William IV (Willem Karel Hendrik Friso; 1 September 1711 – 22 October 1751) was Prince of Orange from birth and the first hereditary stadtholder of all the United Provinces of the Netherlands from 1747 until his death in 1751. During his whole life he was furthermore ruler of the Principality of Orange-Nassau within the Holy Roman Empire.

Early life
William was born in Leeuwarden, Netherlands, the son of John William Friso, Prince of Orange, head of the Frisian branch of the House of Orange-Nassau, and of his wife Landgravine Marie Louise of Hesse-Kassel (or Hesse-Cassel).  He was born six weeks after the death of his father.

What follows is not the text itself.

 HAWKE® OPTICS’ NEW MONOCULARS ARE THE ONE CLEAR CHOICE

William succeeded his father as Stadtholder of Friesland and also, under the regency of his mother until 1731, as Stadtholder of Groningen.  In 1722 he was elected Stadtholder of Guelders. The four other provinces of the Dutch Republic:, Holland, Zeeland, Utrecht and Overijssel had in 1702 decided not to appoint a stadtholder after the death of stadtholder William III, issuing the history of the Republic into a period that is known as the Second Stadtholderless Period. In 1747 those four provinces also accepted William as their stadtholder.

Marriage and children
In 1720 William was named the 549th Knight of the Order of the Garter. On 25 March 1734 he married at St James's Palace Anne, Princess Royal, eldest daughter of King George II of Great Britain and Caroline of Ansbach.  William and Anne had five children:

 a stillborn daughter (born 19 December 1736)
 a stillborn daughter (born 22 December 1739)
 Princess Carolina of Orange-Nassau (28 February 1743 – 6 May 1787), married Karl Christian of Nassau-Weilburg
 Princess Anna of Orange-Nassau (15 November 1746 – 29 December 1746)
 William V, Prince of Orange (8 March 1748 – 9 April 1806)

Later life
In 1739 William inherited the estates formerly owned by the Nassau-Dillenburg branch of his family, and in 1743 he inherited those formerly owned by the Nassau-Siegen branch of his family.

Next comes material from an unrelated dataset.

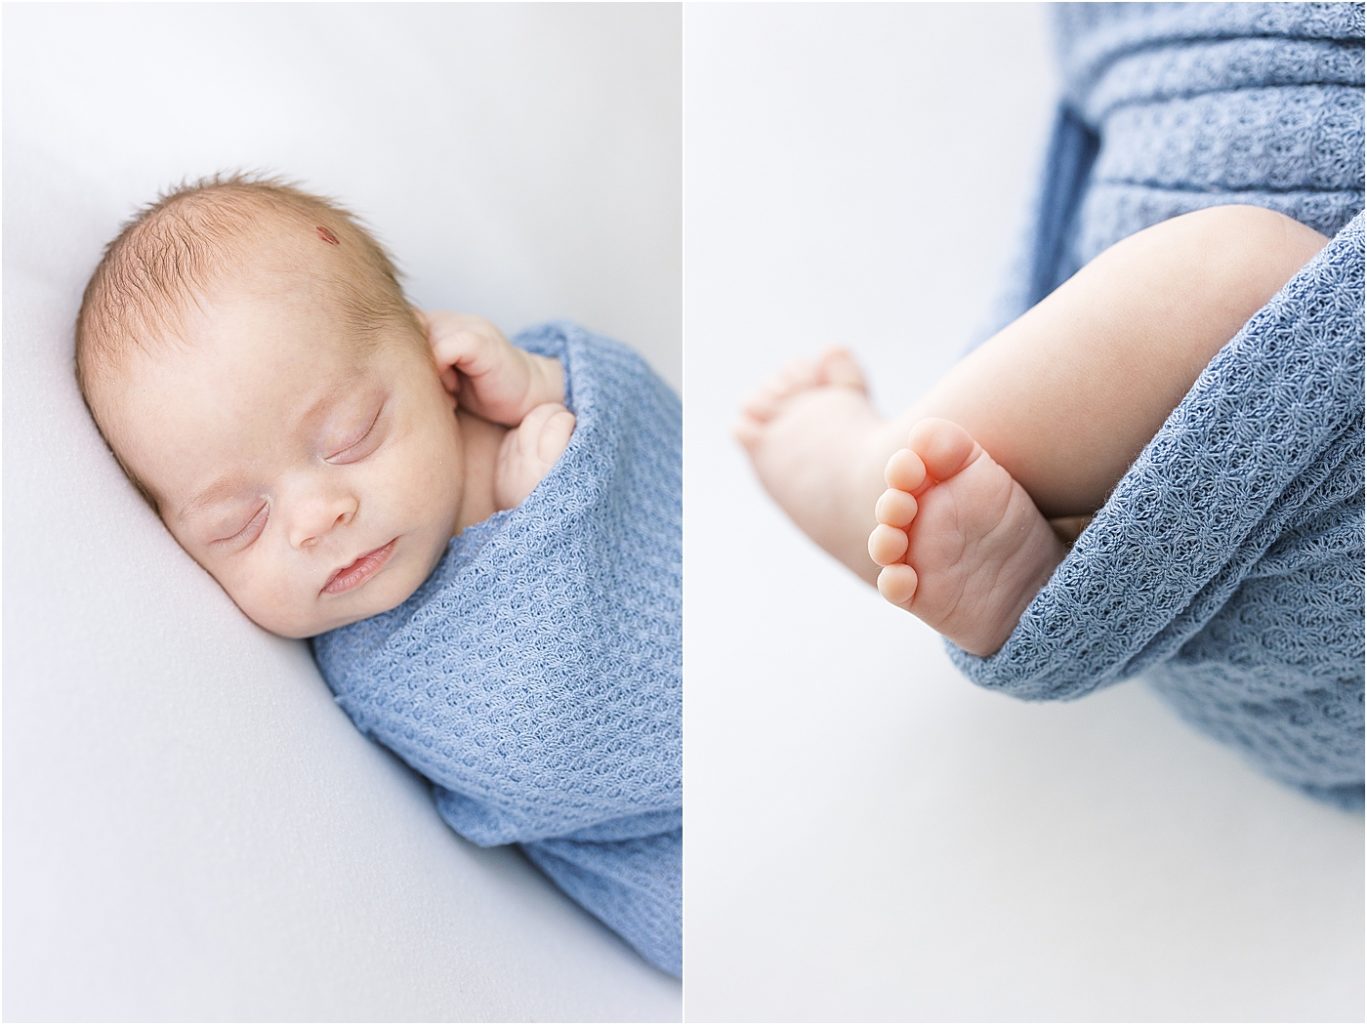 Premie newborn session with baby boy in studio in Fishers. Photo by Lindsay Konopa Photography.

In 1740, the War of the Austrian Succession broke out. The conflict pitted Austria against France over the issue of whether Maria Theresa had the right to inherit her father Emperor Charles VI's crown. The Dutch Republic sided with Austria in 1747 in order to maintain a buffer zone between itself and France, whereupon French troops invaded the Austrian Netherlands. In a few weeks, Louis XV's troops conquered most of the towns in the Austrian Netherlands where the Dutch had stationed troops under the Barrier Treaty, as well as the most important towns in Zeelandic Flanders.  The Dutch Republic was at the time weakened by internal division. The Dutch decided that their country needed a single strong executive, and turned to the House of Orange. William and his family moved from Leeuwarden to The Hague. On 4 May 1747, the States General of the Netherlands named William General Stadtholder of all seven of the United Provinces of the Netherlands, and made the position hereditary for the first time. William first met Duke Louis Ernest of Brunswick-Lüneburg in 1747, and two years later appointed him field marshal of the Dutch States Army, which later led to Louis Ernest serving as one of the regents for William's heir.

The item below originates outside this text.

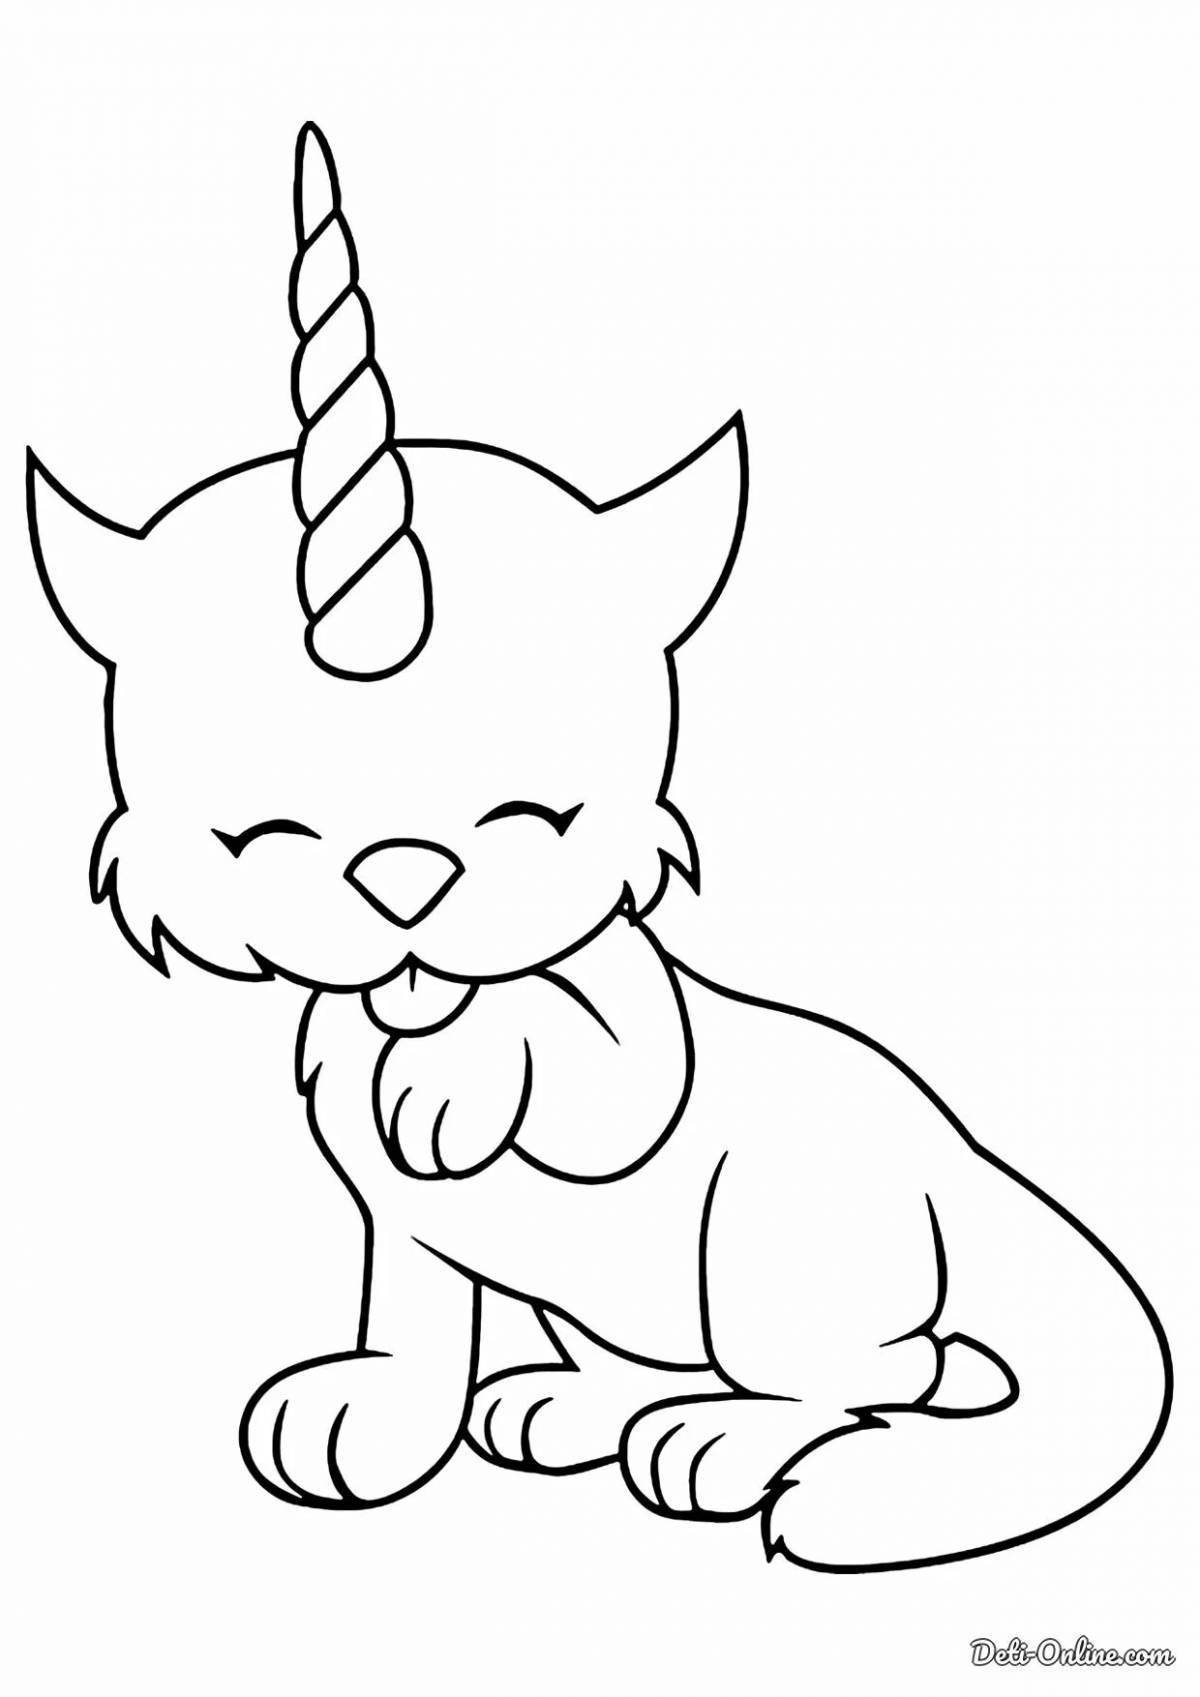 Gorgeous flying cat coloring page

William IV was considered an attractive, educated, and accomplished prince in his prime. Although he had little experience in state affairs, William was at first popular with the people.  He stopped the practice of indirect taxation by which independent contractors managed to make large sums for themselves. Nevertheless, he was also a Director-General of the Dutch East India Company, and his alliance with the business class deepened while the disparity between rich and poor grew.

William served as General Stadtholder of all the Netherlands until he died of a stroke in 1751 at The Hague.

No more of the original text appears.